Ok, now that I've finished my previous reply I'll tell you my top "PICS"...

#1. "THE MYTH OF SANITY" "DIVIDED CONSCIOUSNESS AND THE PROMISE OF AWARENESS."  By: Martha Stout, PH.D.     This is the best book I've read about dissociation... It talks indepth about different types of dissociation... The way I dissociate is rarely talked about in most books (losing time for 3 - 4 days straight without having DID)... This book answered so many of my questions and explained so many things I never understood...  And, it's easy reading...  

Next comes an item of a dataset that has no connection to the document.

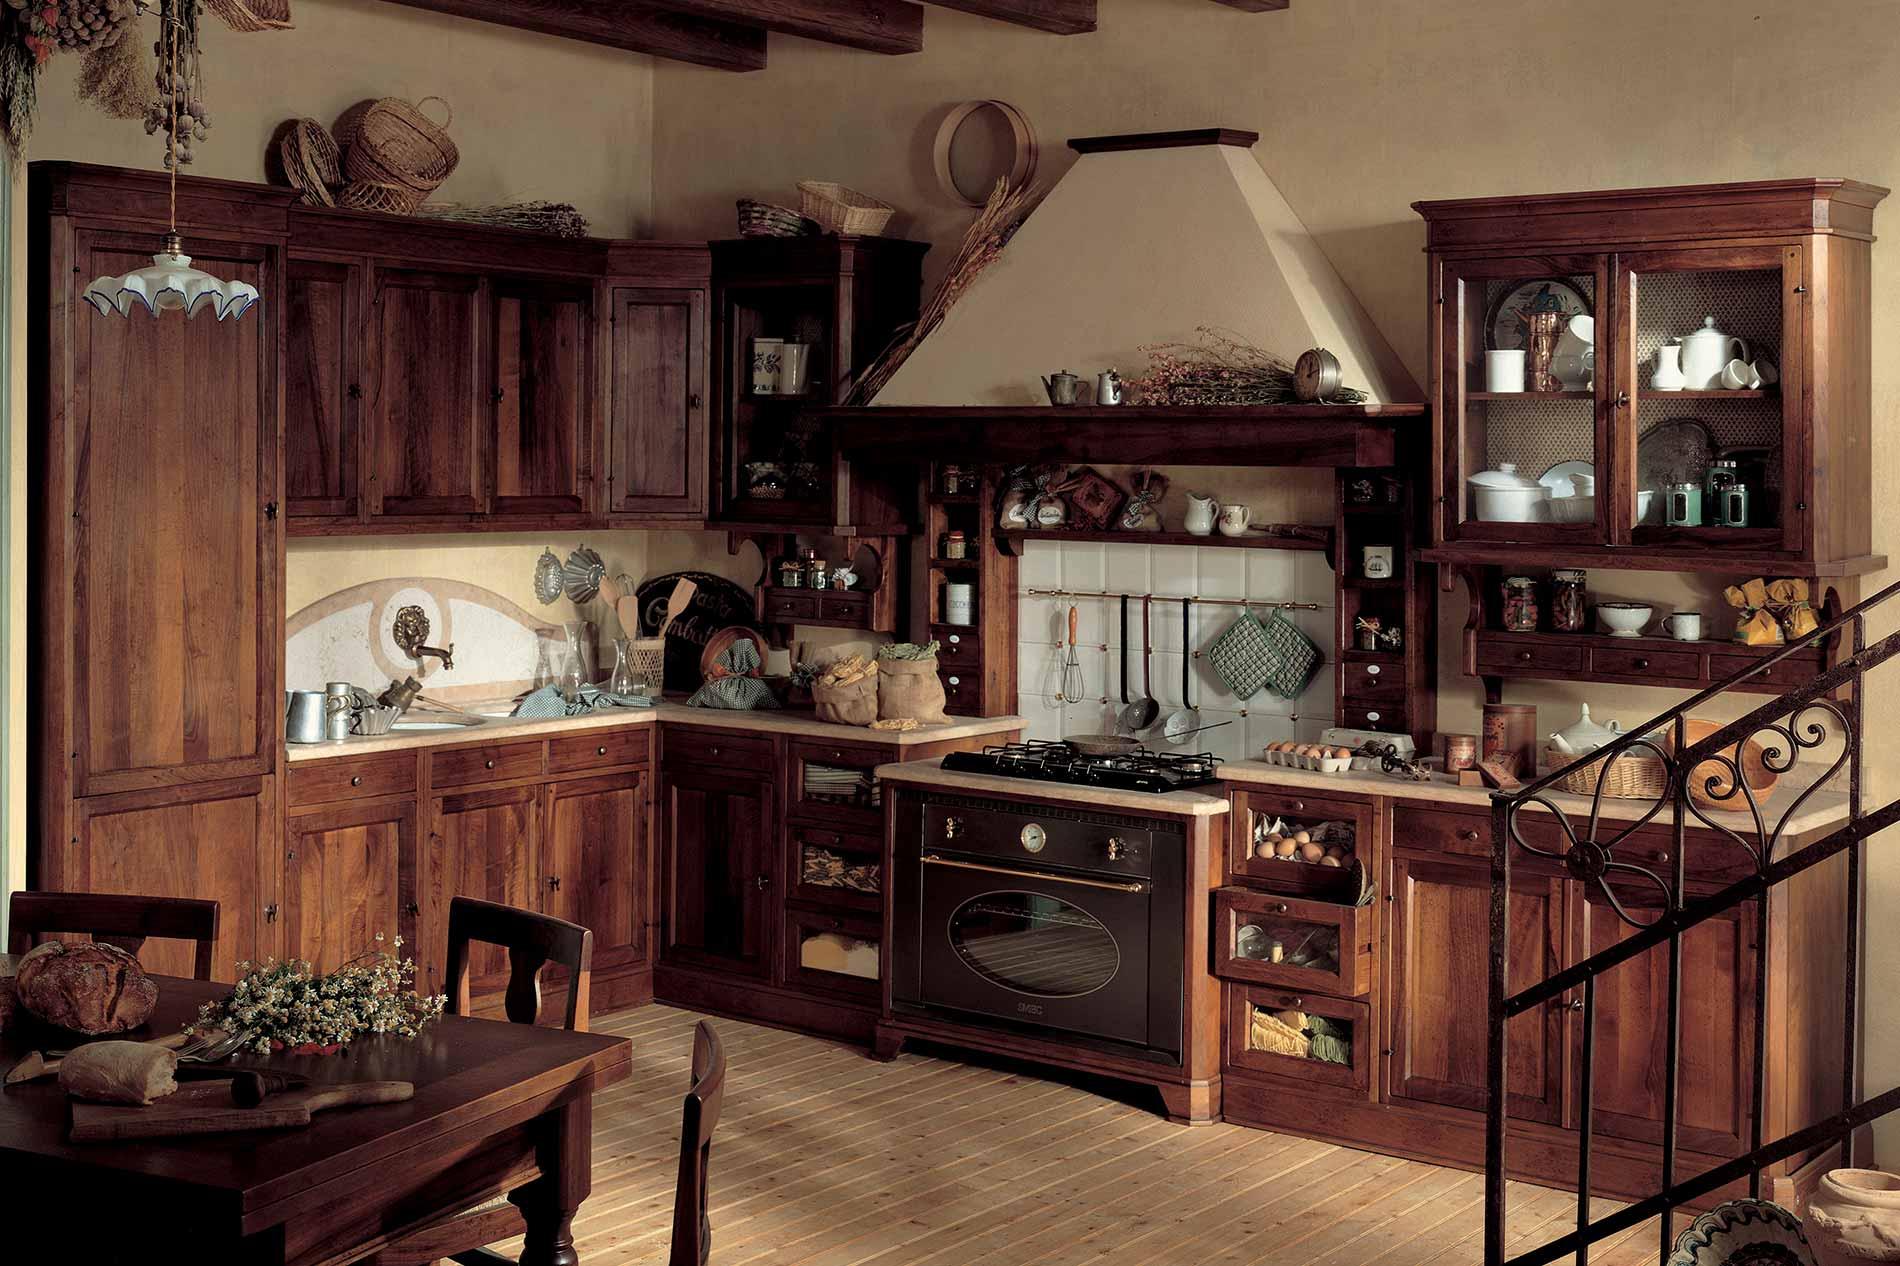 Doralice - Marchi Cucine Made in Italy

The following is a section from the back of her book:

"...Instead of receding harmlessly into the past, the darkest, most frightening events from our childhood and adolescence gain power and authority as we grow older. The memory of such events causes us to depart from ourselves, psychologically speaking, or to separate one part of our awareness from others. What we conceive of as an unbroken thread of consciousness is, instead, quite often a train of discontinuous fragments. Our awareness is divided..."  -Martha Stout

#2. "Secret Survivors: Uncovering Incest and It's After Effects on Women", By, Sue E. Blume... Excellent book if you want detailed information that's easy to understand about all the different issues surrounding csa & sa... If you would like to have the best informatoin rec'd here at Pandy's in a book form this is it...

#3. "I Can't Get Over It", By, Aphrodite Matsakis...  Excellent resource for all the different aspects of PTSD and related disorders. It's also set up with topic related journaling and questions to answer stuff, etc...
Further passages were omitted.